## Work item
Copy the lines below word for word, skipping any image.

## Data below
───

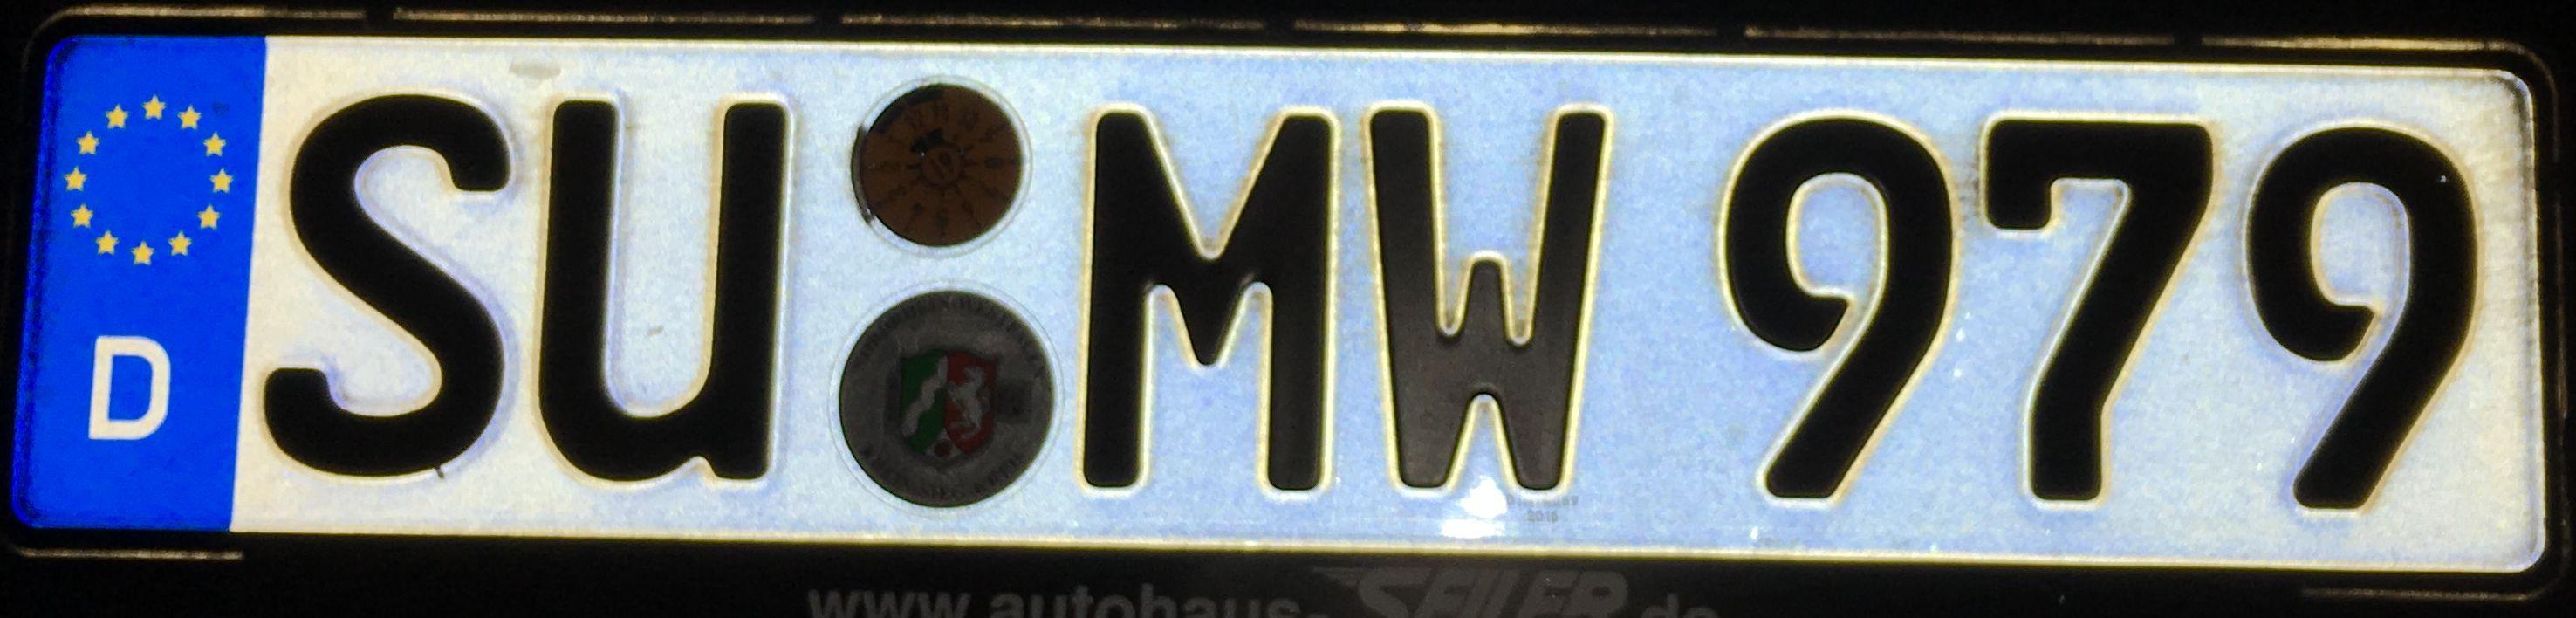 Registrační značka Německo - SU - Siegburg, foto:www.podalnici.cz
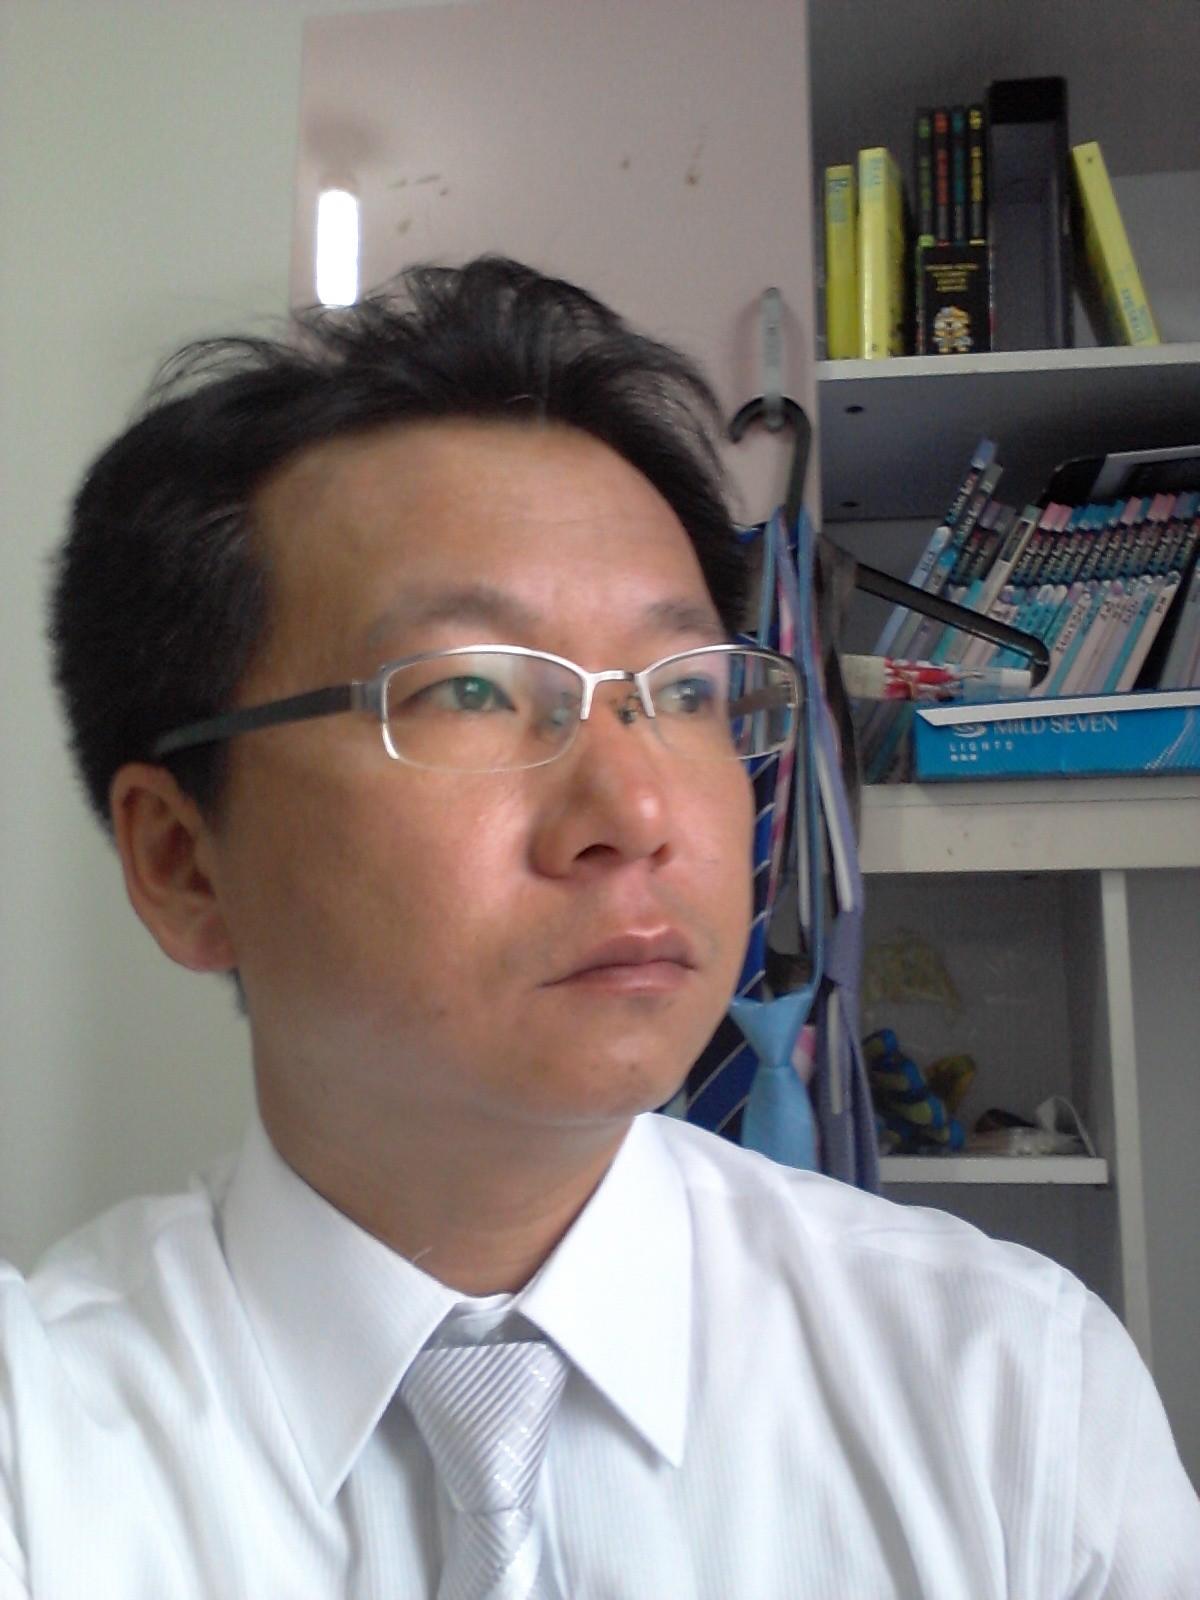 Enoch Kim
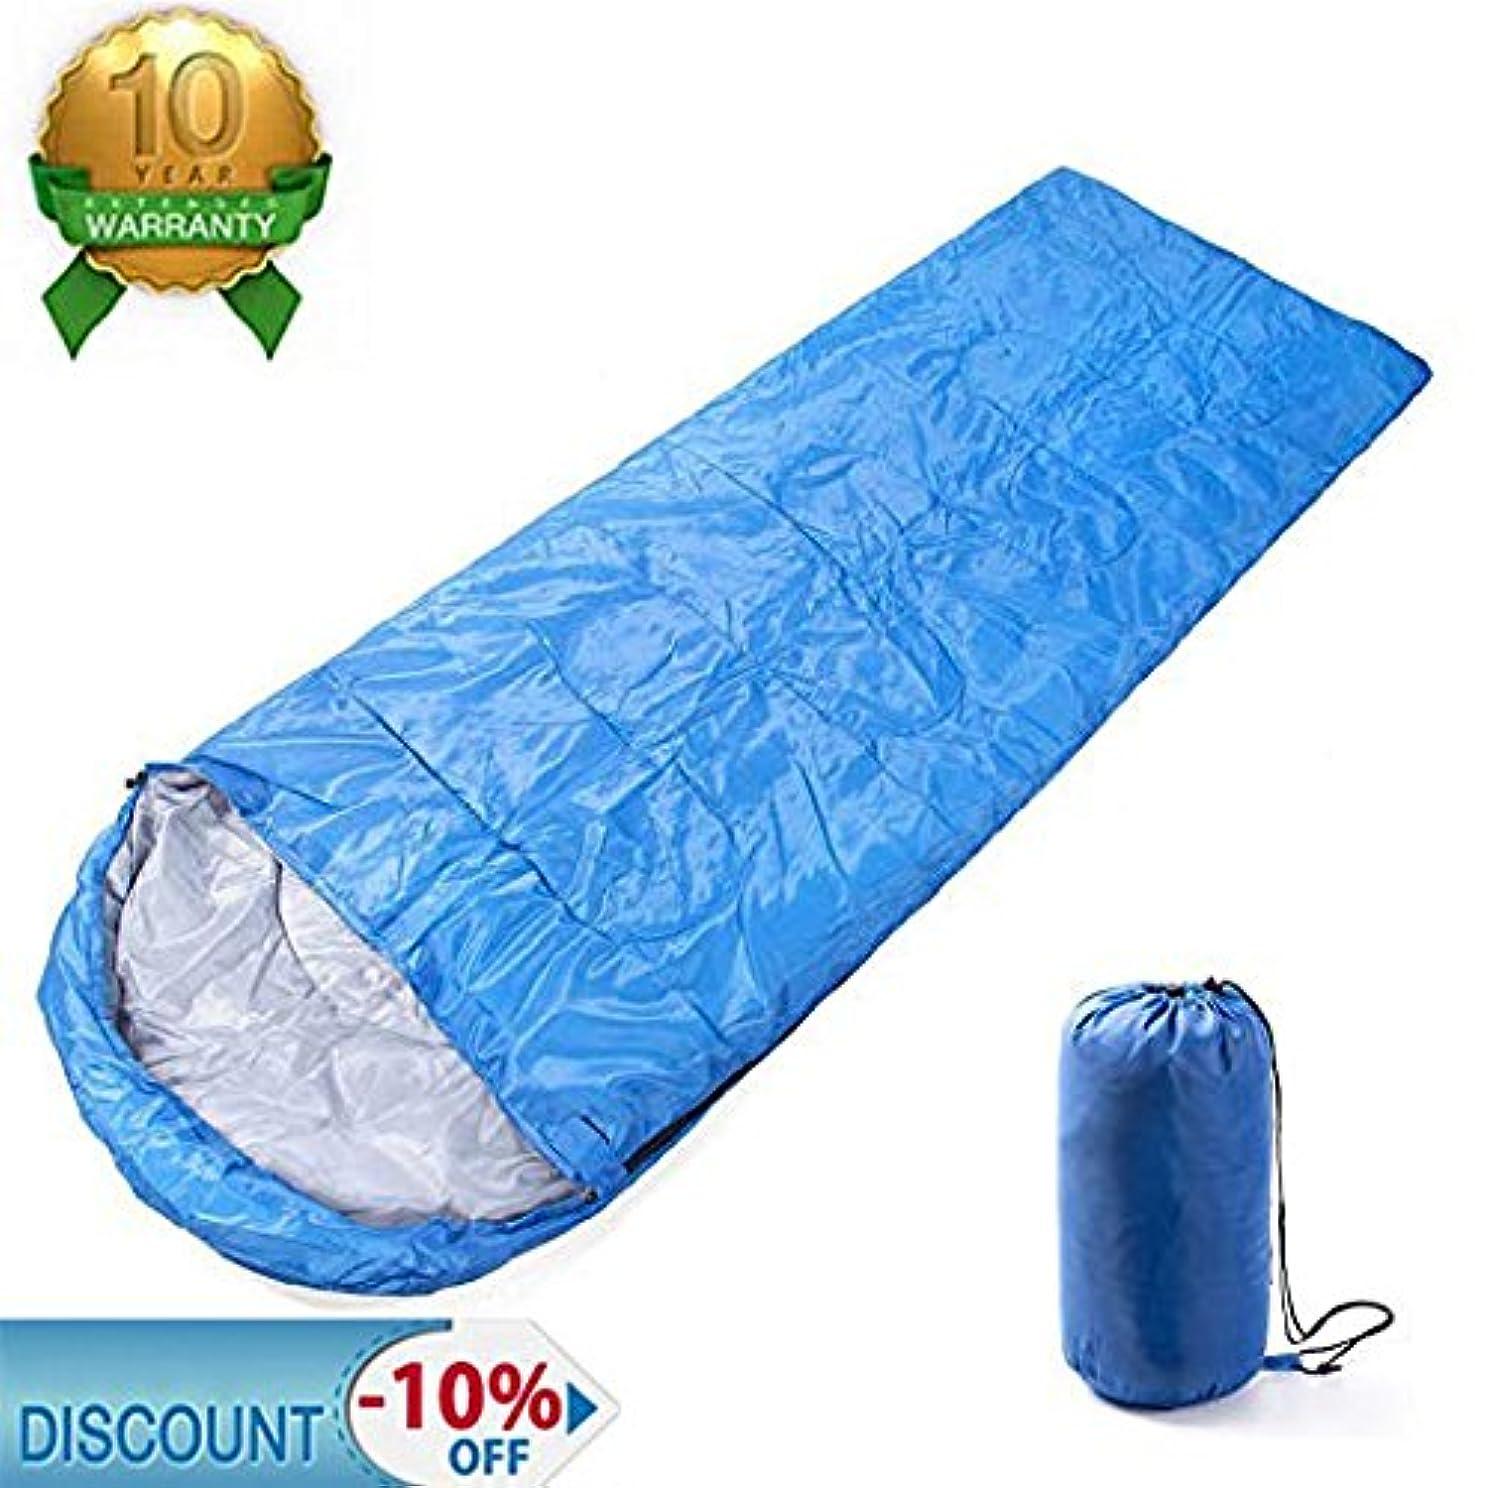 できるジャグリングペック寝袋 スリーピングバッグ 軽量 封筒型 折りたたみ式 簡単収納 耐寒 収納袋付き アウトドア/登山/車中泊 15℃~5℃ 夏用 丸洗いOK
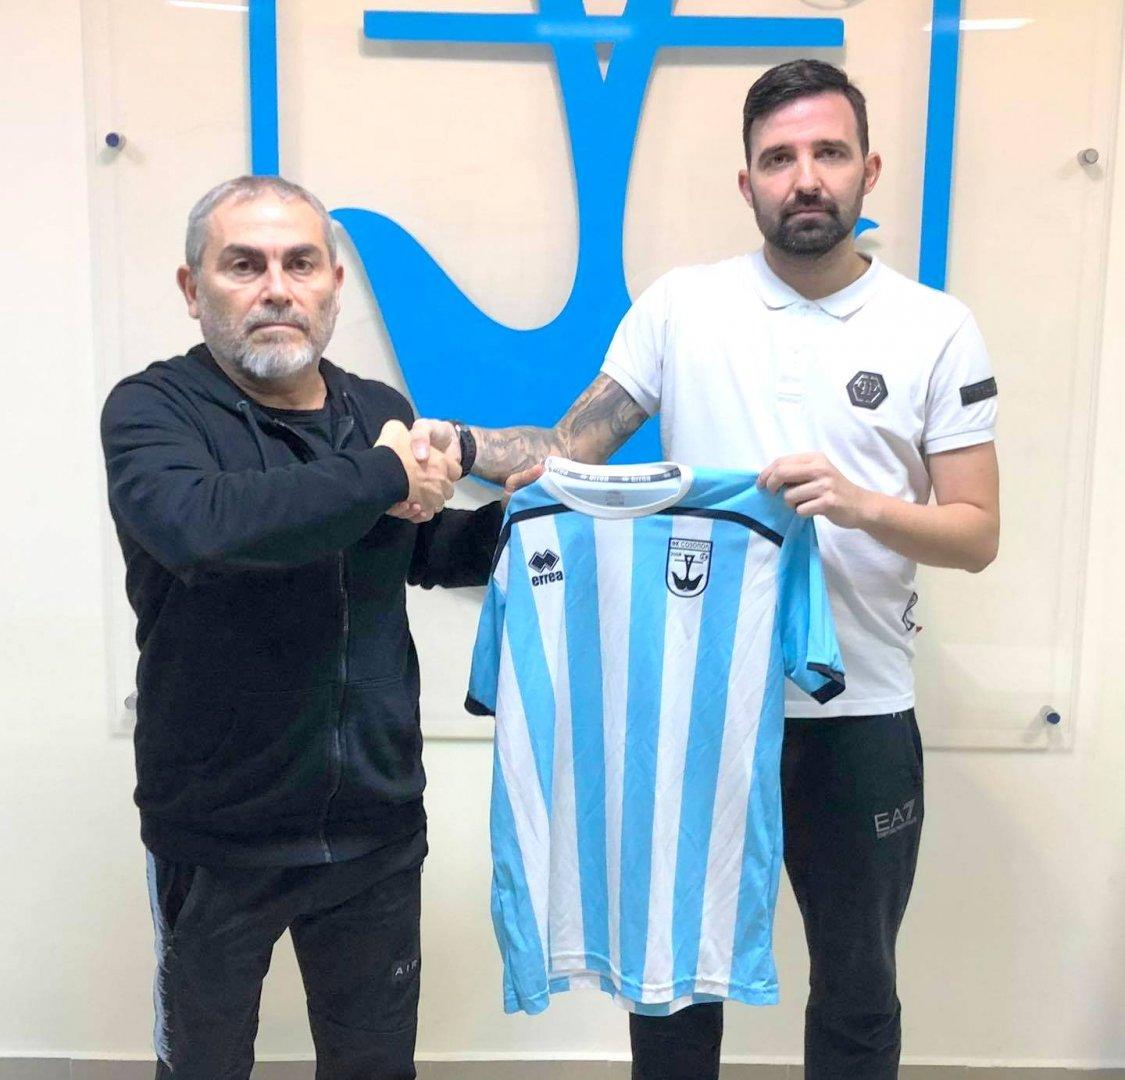 Галин Димов (вдясно) ще играе за тима на небесносините. Снимка ОФК Созопол

───

## Response to this task
 Registrační značka Německo - SU - Siegburg, foto:www.podalnici.cz
 Enoch Kim
 できるジャグリングペック寝袋 スリーピングバッグ 軽量 封筒型 折りたたみ式 簡単収納 耐寒 収納袋付き アウトドア/登山/車中泊 15℃~5℃ 夏用 丸洗いOK
 Галин Димов (вдясно) ще играе за тима на небесносините. Снимка ОФК Созопол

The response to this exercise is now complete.